In a capitalist base, your output is your property. you are your property. A capitalist government is given the task to see that its citizens property increases in value _for_all_capitalists_ (ie all citizens, not just bureaucrats, industrry or bank owners). And you can take _your_ property and band together with others, to build bigger things...without risk that your neighbour or owner will come a claim ownership.

This government were quick to jump in straight after the ChCh earthquake. Locked all the business owners out. Completely took over the whole show. Ask Gerry Brownlee.
They took over the ECAN
This government are control freeks except with Awkland.

It is called "policy settings" or in a different context, setting the rules

Should circumstances change and policy settings no longer appropriate, change the settings

Like in most international sports there is an international committee that sets the rules on how the game is played, then you have referees that administer and apply and enforce those rules, then you have players who pay membership fees and join clubs and agree to play by those rules

In Rugby League players know they cannot and should not use spear-tackles or throw-tackles and are not allowed to play the man without the ball. If they do they get sin-binned and rubbed out for a number of games

Don M,

The affordability of housing didn't become a widely recognized issue until 2007 and yet the Prime Minister continues to deny that there is an affordability problem in Auckland. Is it any wonder that nothing is being done to solve the problem when the PM denies that there is even one at all.

Speaking on Firstline this morning, Ms O'Sullivan said investors don't drive up prices because they are "rational" about how much they're prepared to pay, unlike people buying a home to live in.

Read more: http://www.3news.co.nz/politics/desperation-pushing-up-prices-not-invest...

btw, the REINZ thinks that a housing crisis won't be evident until people start camping in tents in the Domain.

""A housing crisis would suggest we had people camping in tents in the Domain.

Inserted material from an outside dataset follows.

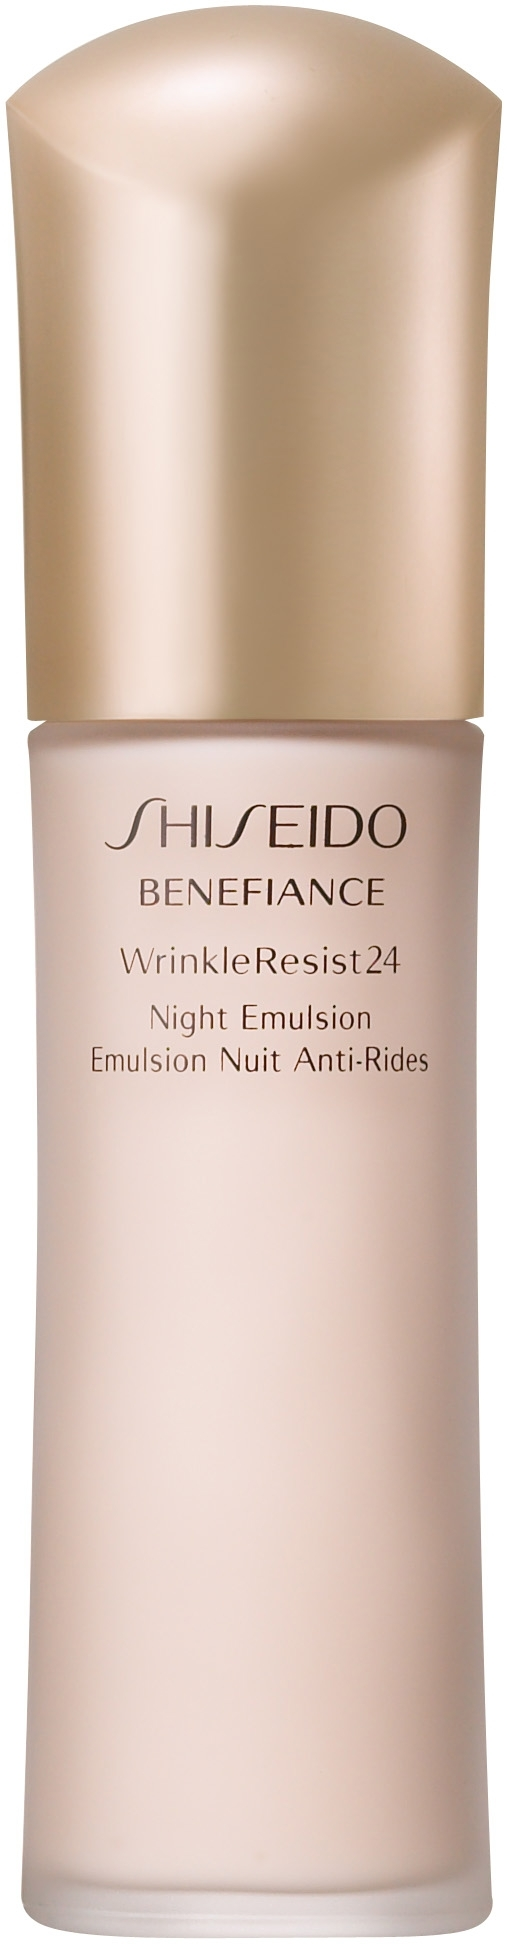 shiseido wrinkle resist 24 nigth emulsion 75ml compra en perfumer as laguna. Black Bedroom Furniture Sets. Home Design Ideas

We are thankfully not at this stage, but I do think there is significant pent-up demand for housing in Auckland."

Read more: http://www.3news.co.nz/politics/desperation-pushing-up-prices-not-invest..."
http://www.3news.co.nz/politics/desperation-pushing-up-prices-not-invest...

Speaking on Firstline this morning, Ms O'Sullivan said investors don't drive up prices because they are "rational" about how much they're prepared to pay, unlike people buying a home to live in.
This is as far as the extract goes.